SUPPLIED INFORMATION:
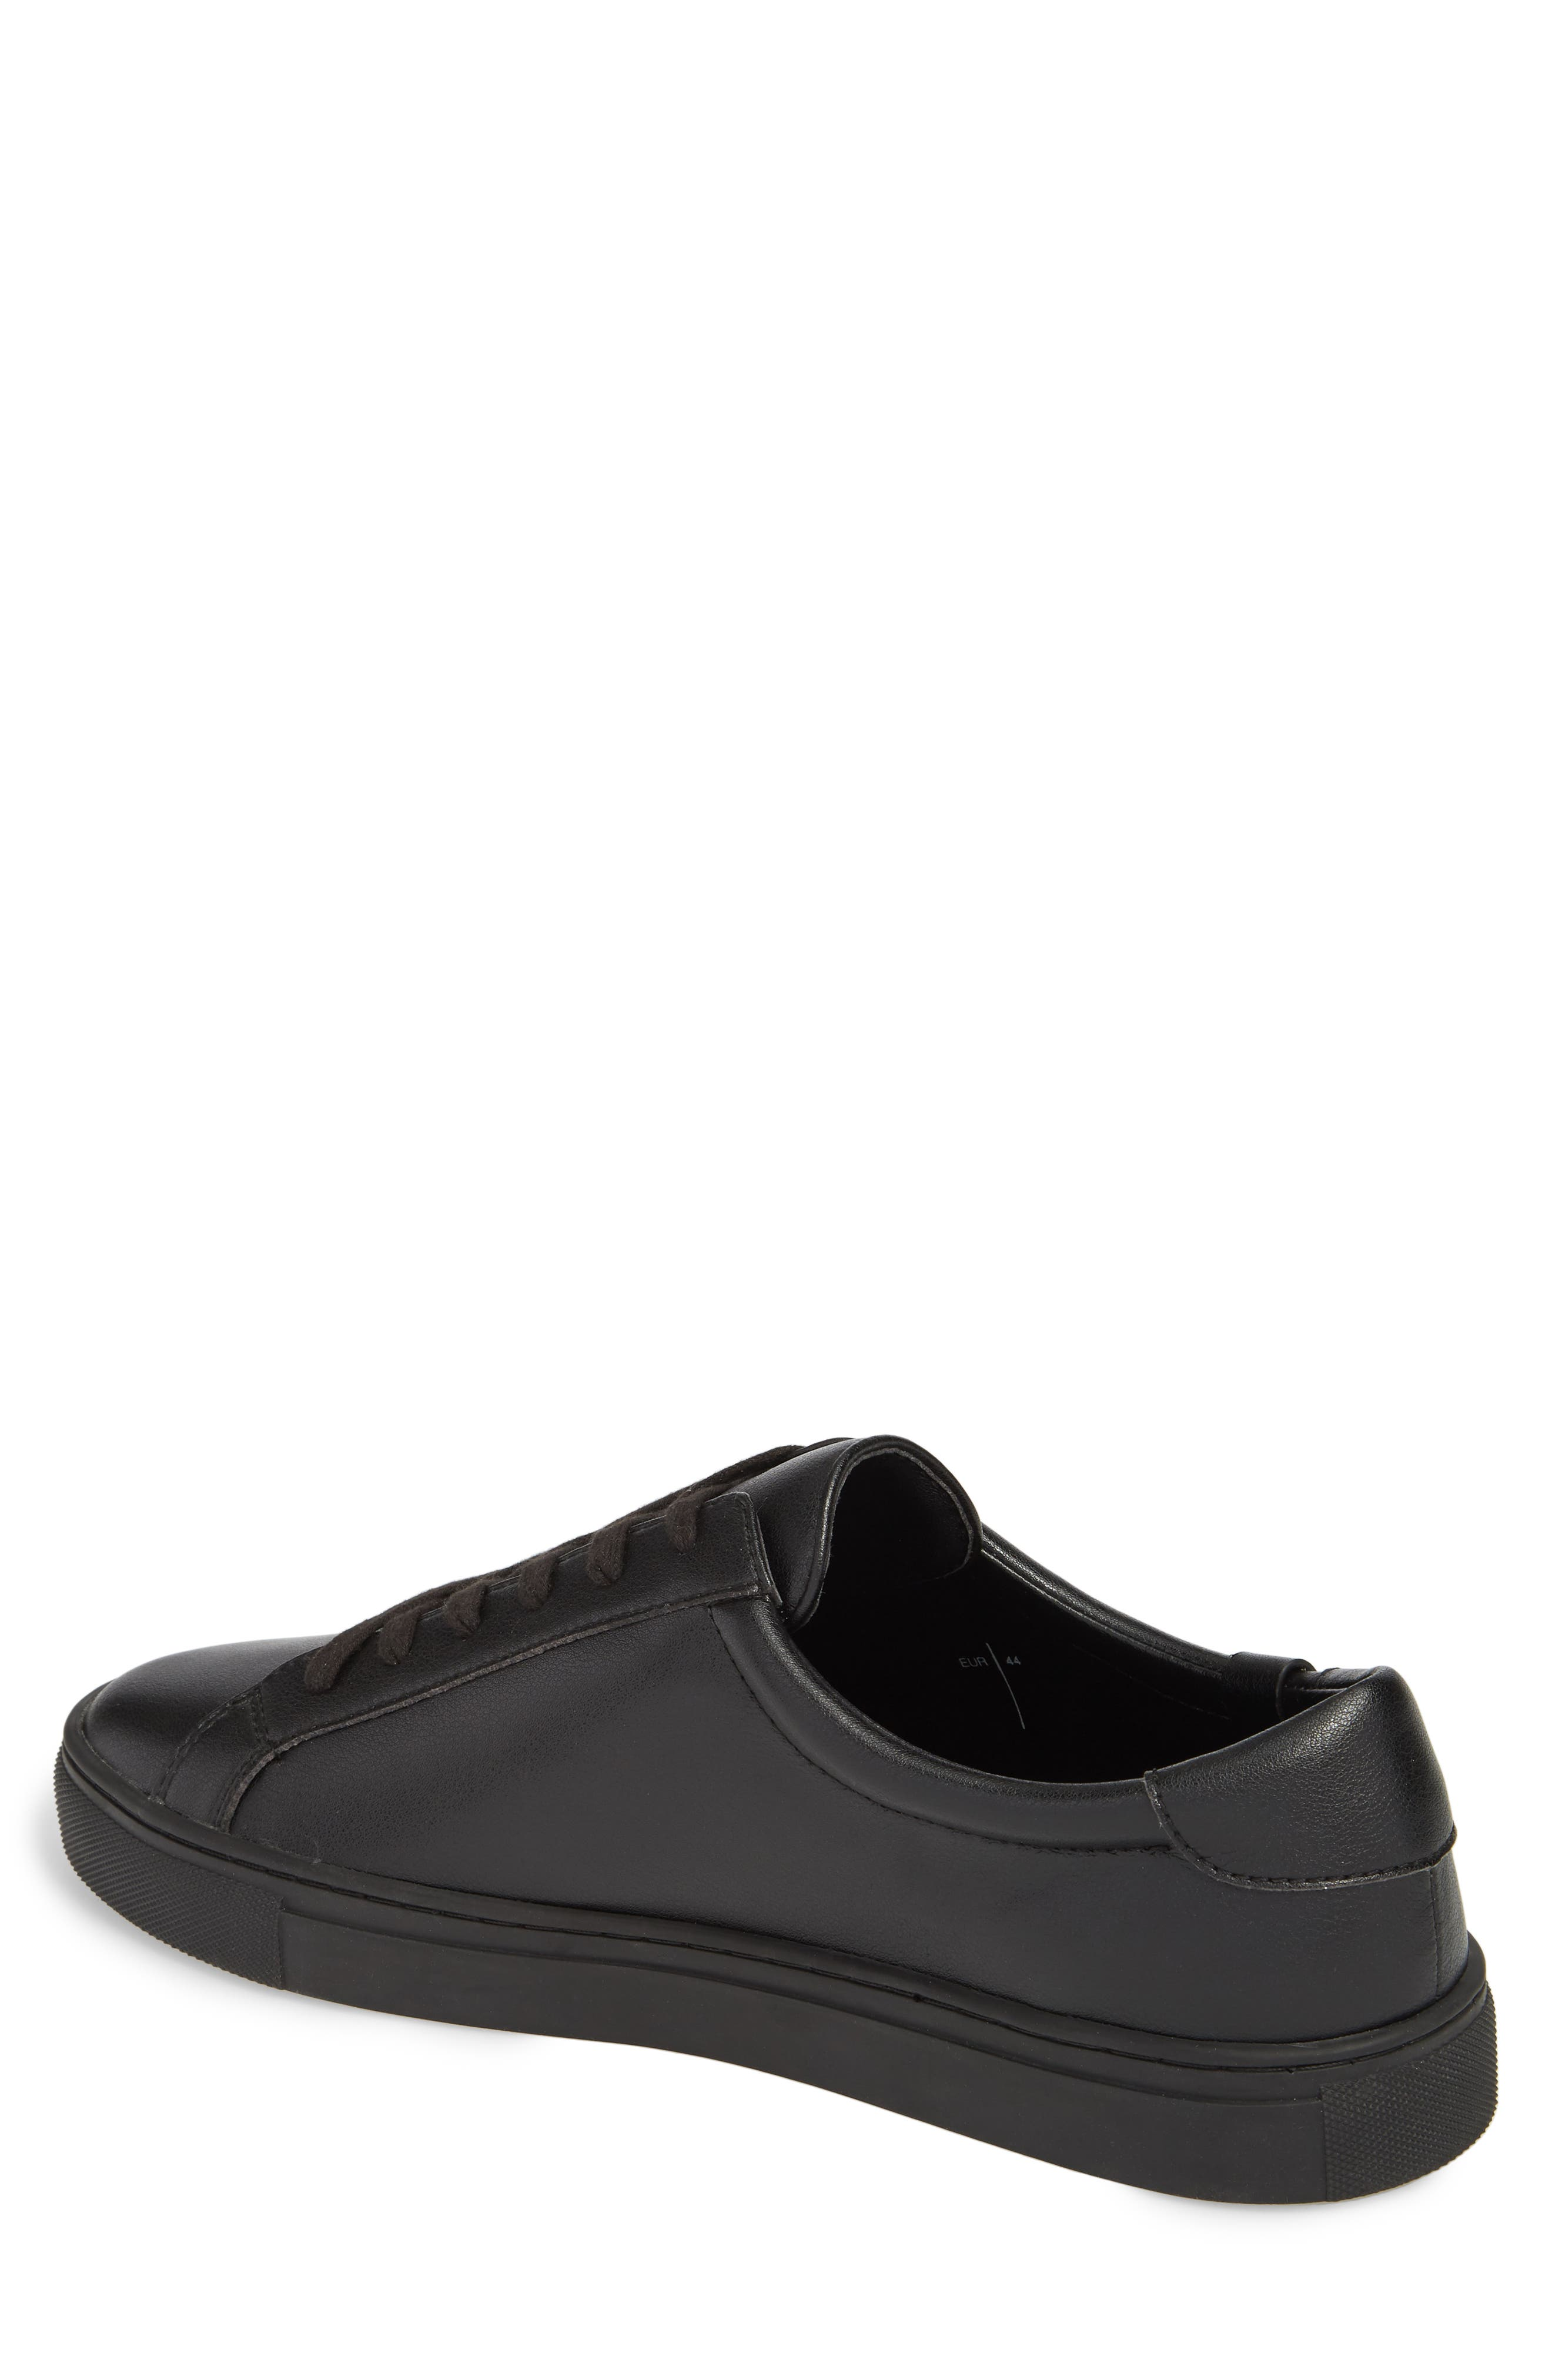 Original Low Top Sneaker,                             Alternate thumbnail 2, color,                             BLACK / BLACK
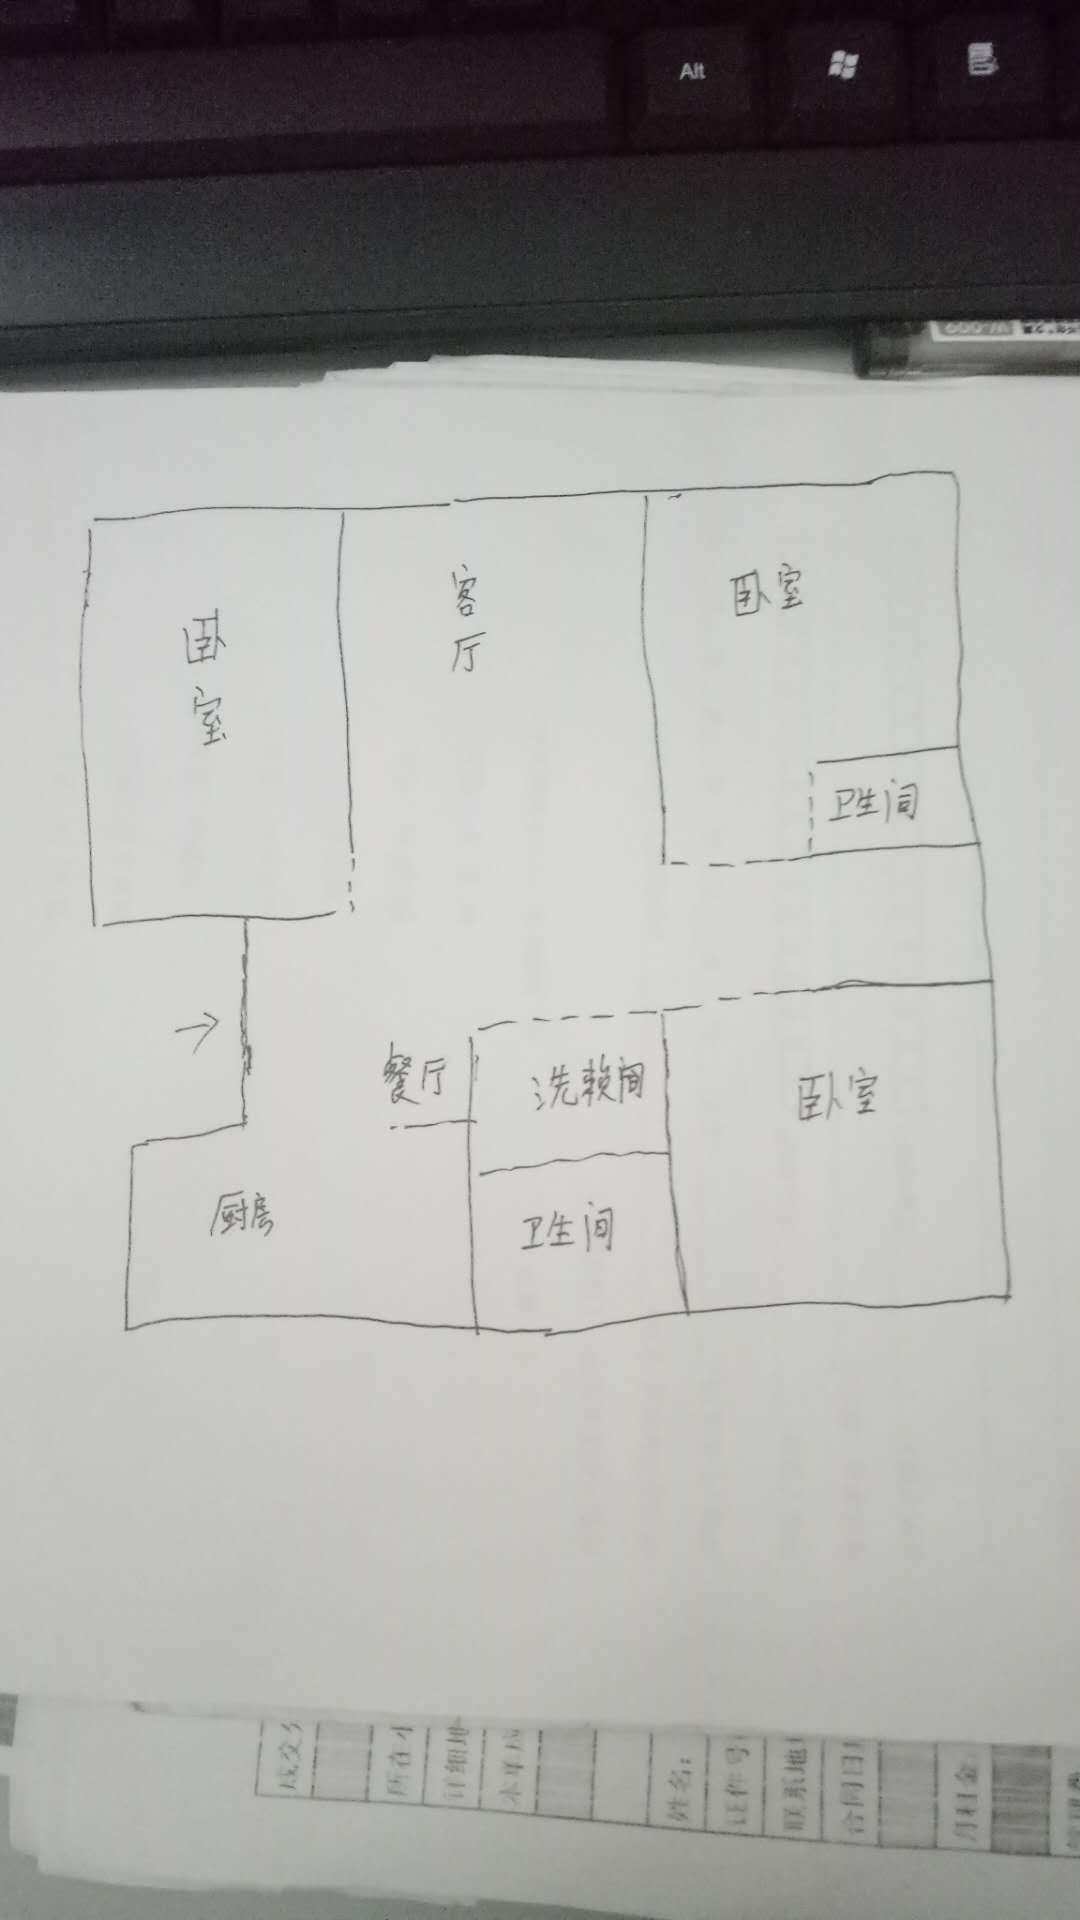 中茂家园 3室2厅 2楼
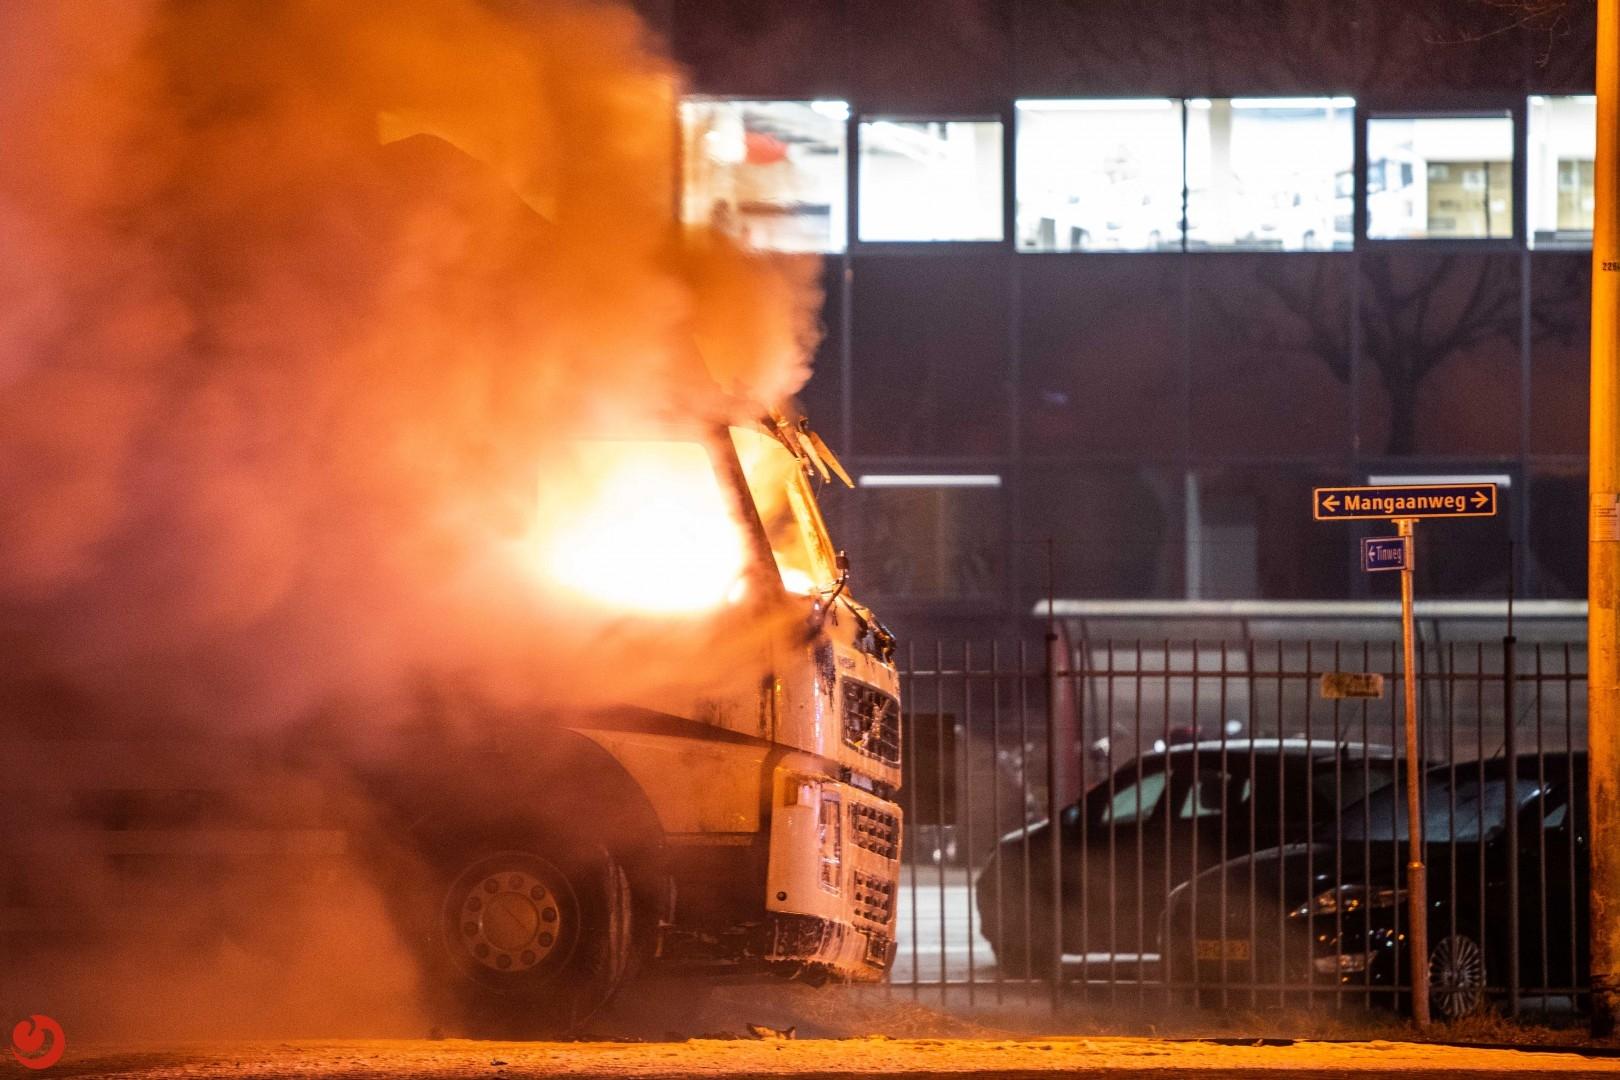 Vrachtwagencabine door brand verwoest

WORK TASK: Your task is to repeat the material above exactly, without its pictures.

EXERCISE OUTPUT:
 Original Low Top Sneaker,                             Alternate thumbnail 2, color,                             BLACK / BLACK
 中茂家园 3室2厅 2楼
 Vrachtwagencabine door brand verwoest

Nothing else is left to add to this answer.